WEST PALM BEACH, Fla. -- Early July of 2019 in Cleveland was not the time Max Scherzer wanted to talk about his contract.
Washington had surfaced from its brutish start, but remained six games out of first place when the All-Star break arrived. Scherzer was the team’s lone presence at the All-Star Game in Ohio since Anthony Rendon opted for rest and the voters opted for other players. Scherzer wasn’t going to pitch. Though, he did go to Media Day, where he was asked about the future of his contract. The question annoyed him.
“I’m trying to win a championship,” he said.
Flip to this spring in West Palm Beach. Scherzer has won said championship, shaved another year off his seven-year deal and is entering his age-36 season. Let’s try the question again. Has he thought about or been approached about a contract extension?
“Obviously, there is a time and place to think about that,” Scherzer told NBC Sports Washington. “It’s really [for] the team to come to you to drive those conversations. And, so, for me, I’ll cross that bridge when a team wants to pick up the phone.”

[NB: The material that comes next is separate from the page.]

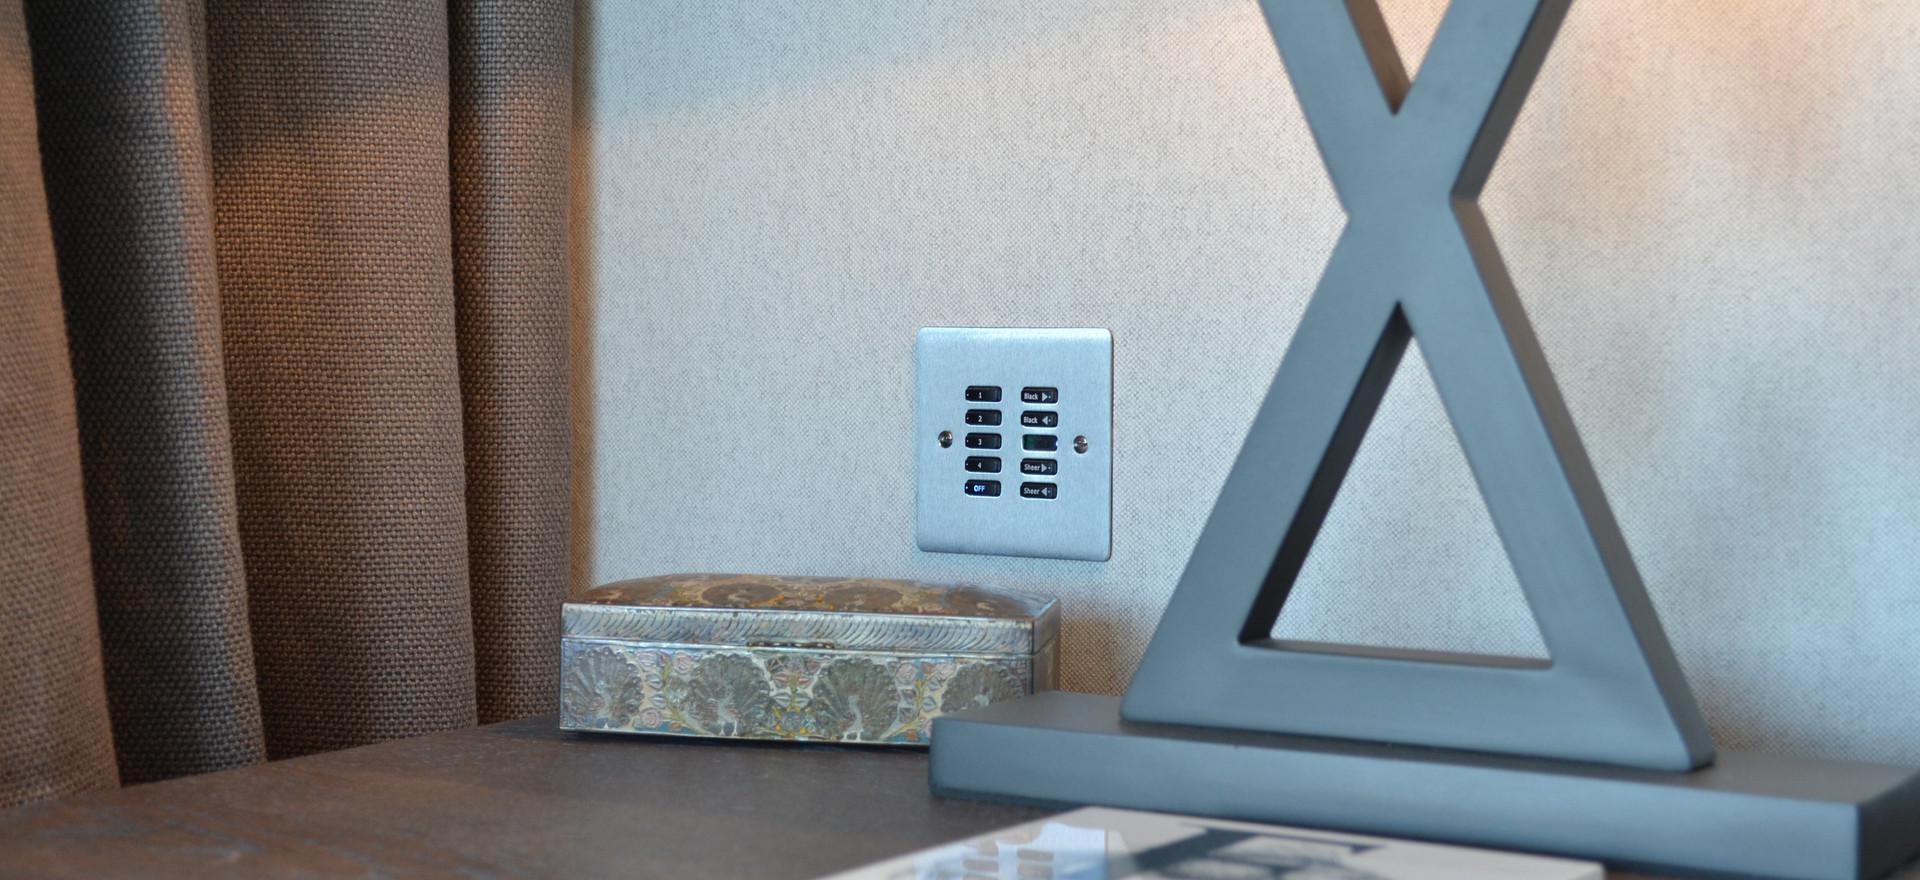 Lighting Keypad

The template to do so is Scherzer’s former teammate, Justin Verlander. He signed a two-year, $66 million extension in March of 2019 on his way into his age-36 season. The Astros approached him in January of last year about a longer deal before it was sealed two months later. The extension kept Verlander from becoming a free agent following the 2019 season. The contract also set a precedent by delivering the highest average annual value in base salary for a pitcher.

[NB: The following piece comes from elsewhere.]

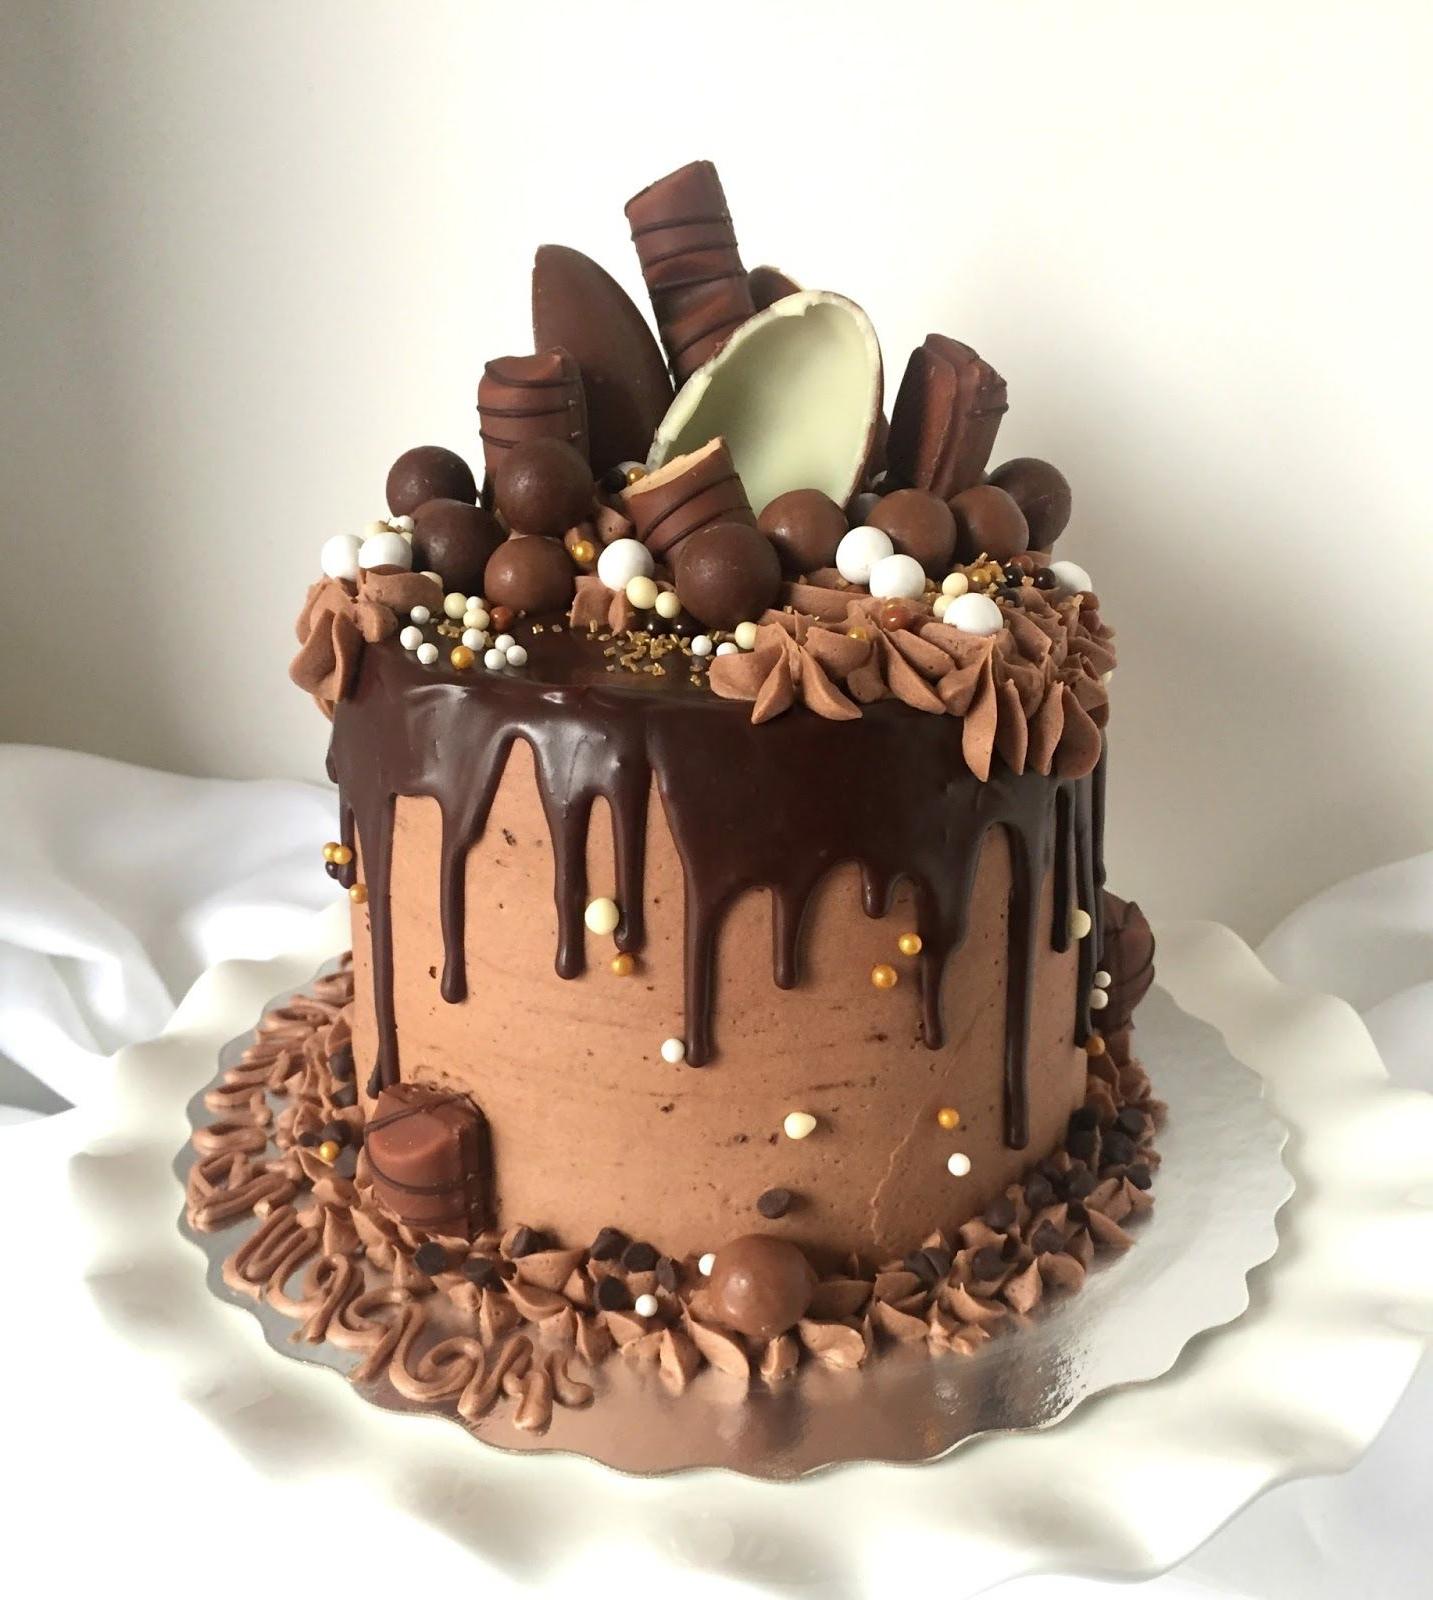 Comment décorer facilement un gâteau d'anniversaire au chocolat

“I thought it was very fair compensation, and also the way it affects future players’ contracts in age-37, -38 seasons just helps push the boundary a little bit, which is something that’s important to me,” Verlander said at the time.
In that sense, he did Scherzer a favor.
The Nationals will point to last season’s injuries as reason not to approach Scherzer now. Scherzer made only 27 starts because of a middle back problem. His neck stiffness in the middle of the World Series roiled the entire setup. His swift return from the rigid neck enabled them to start him in Game 7. He says he feels good now, but those issues linger at least mentally and offer easy reasons to kick the can. Never mind he’s averaged 220 innings per season across the prior five years. In order to be paid, he has to prove it over again, continuing his tussle with the aging process.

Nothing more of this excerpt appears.